START Given material

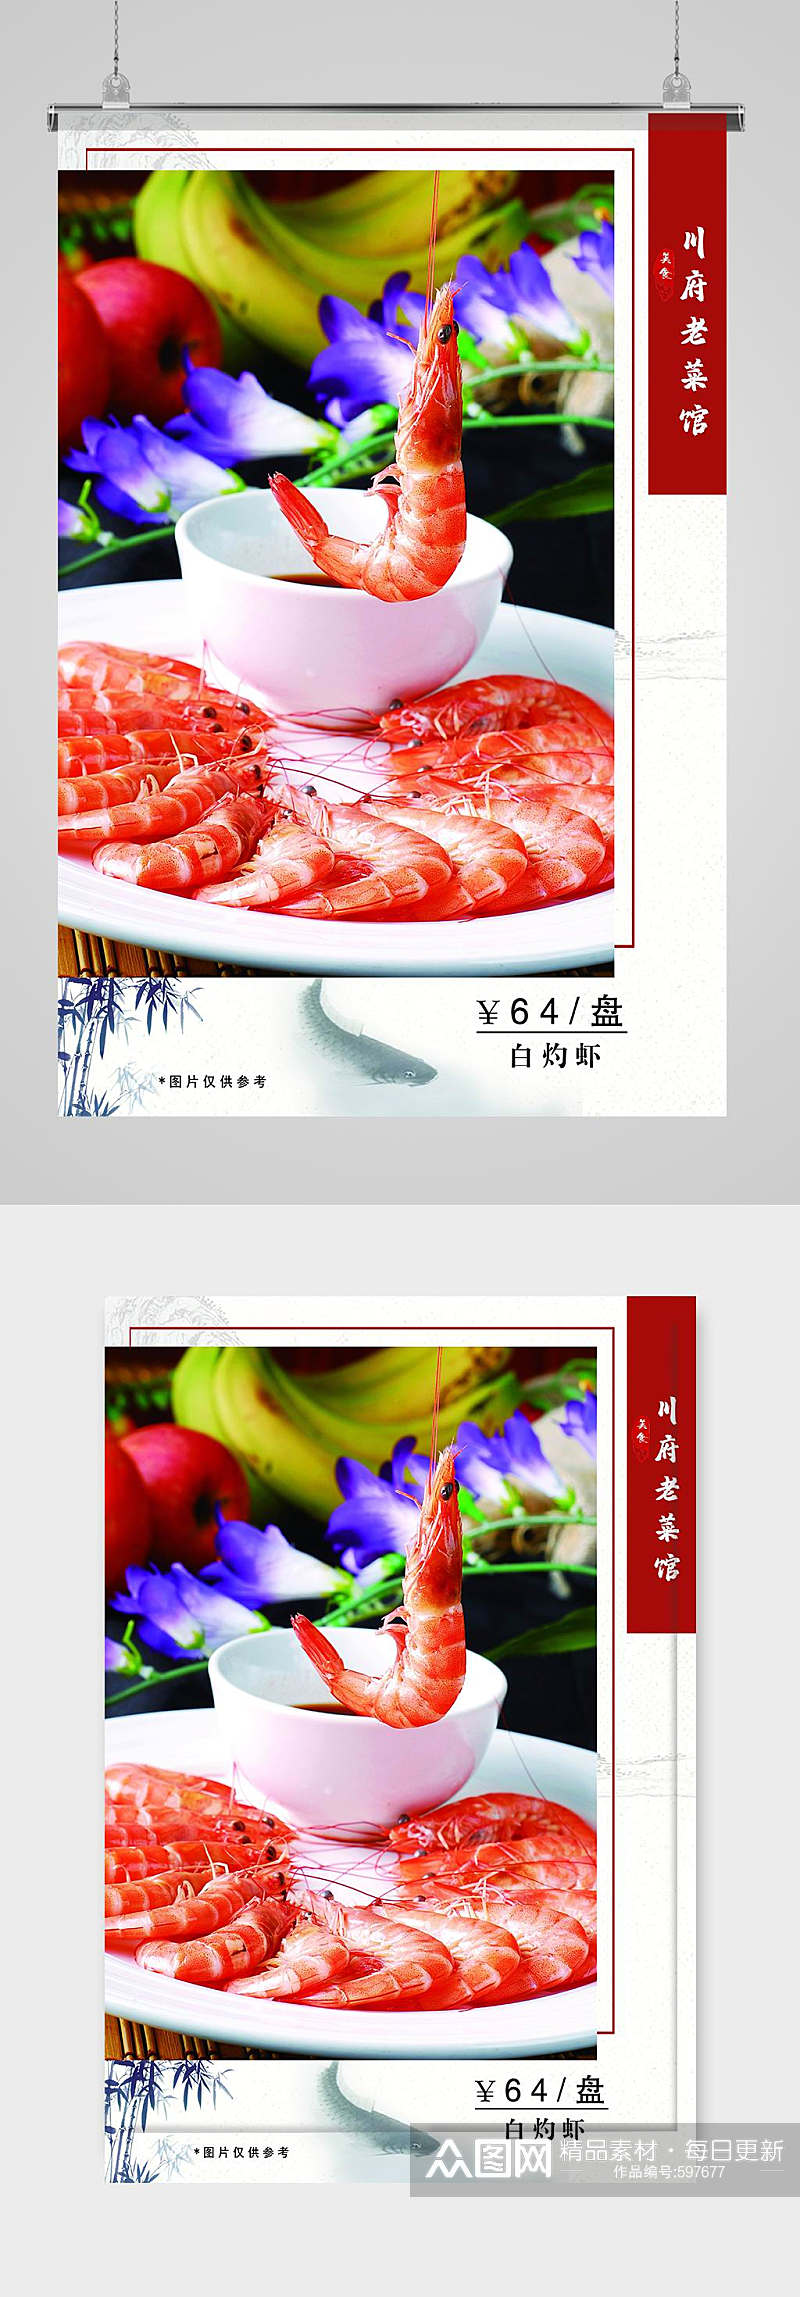 川菜美食宣传海报素材
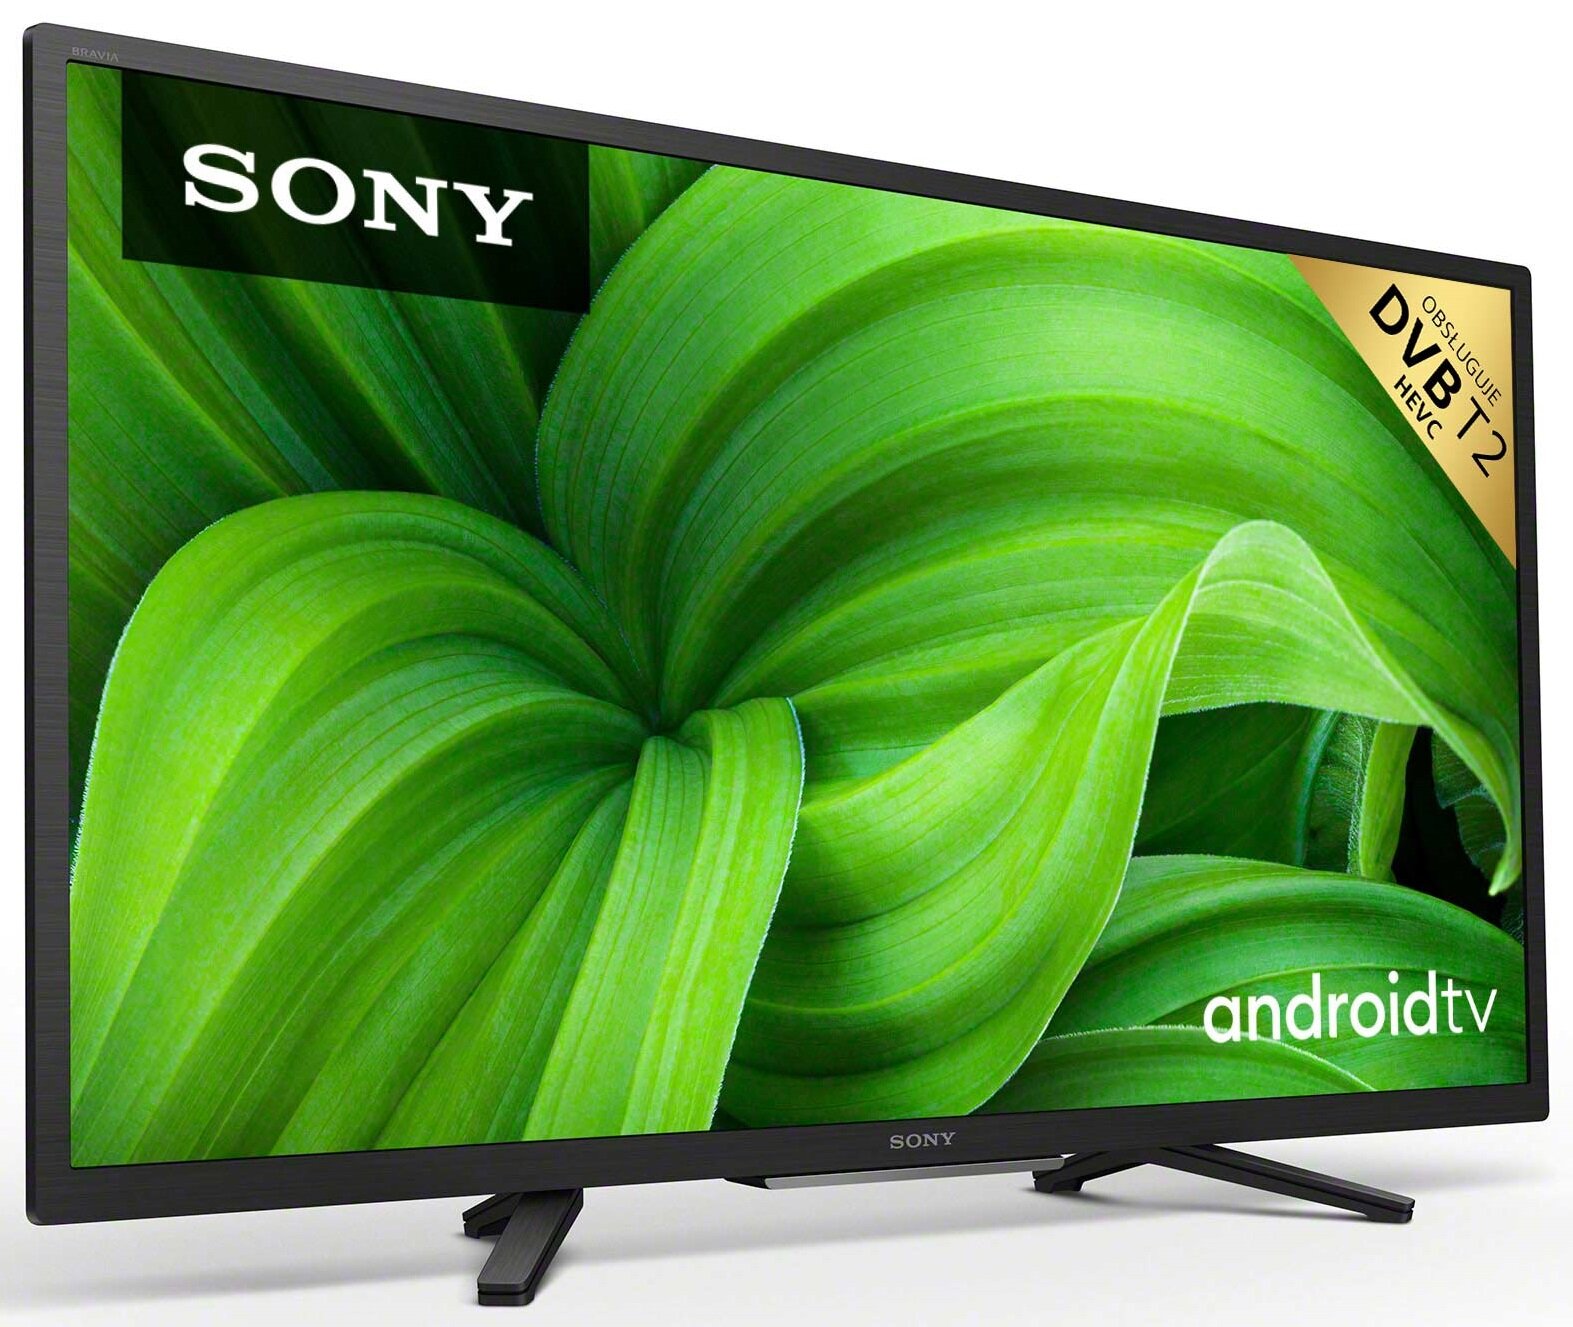 SONY KD-32W800 32" LED Android TV DVB-T2/HEVC/H.265 Telewizor - niskie ceny  i opinie w Media Expert
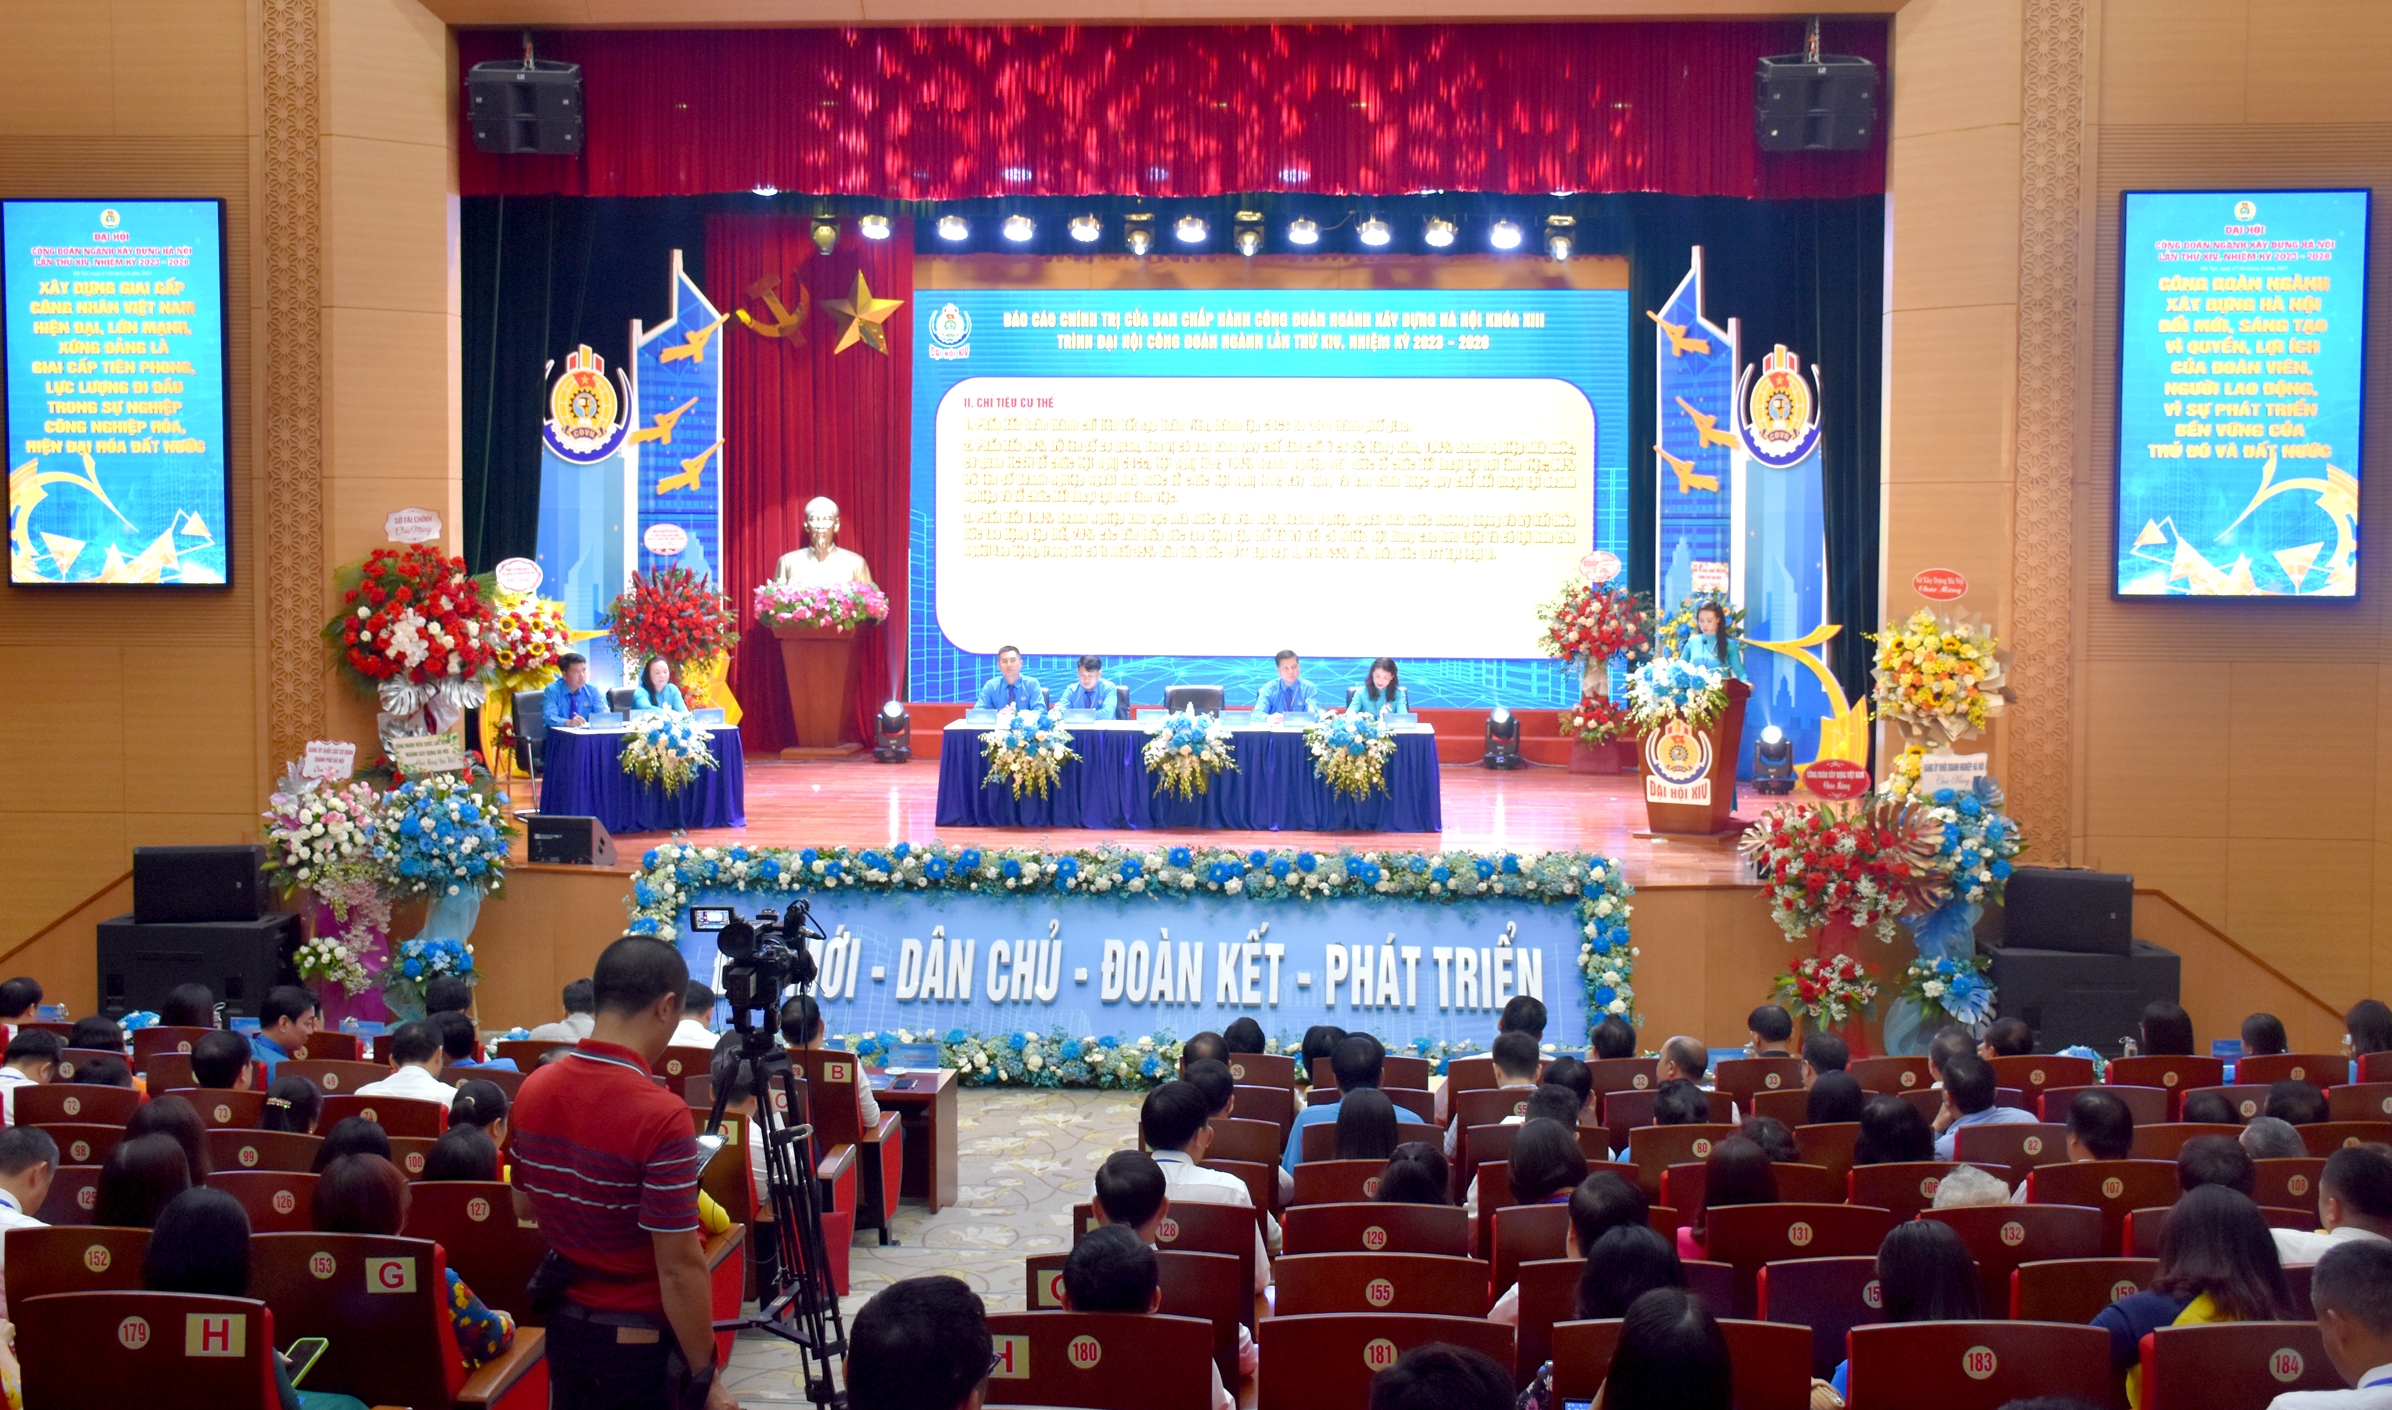 TRỰC TUYẾN: Đại hội Công đoàn ngành Xây dựng Hà Nội lần thứ XIV: "Đổi mới - Dân chủ - Đoàn kết - Phát triển"

END Given material

Try it:
Without including any pictures, set down word for word every line from the one containing "w Media Expert" through the last line of the material.

Output for this exercise:
 SONY KD-32W800 32" LED Android TV DVB-T2/HEVC/H.265 Telewizor - niskie ceny  i opinie w Media Expert
 TRỰC TUYẾN: Đại hội Công đoàn ngành Xây dựng Hà Nội lần thứ XIV: "Đổi mới - Dân chủ - Đoàn kết - Phát triển"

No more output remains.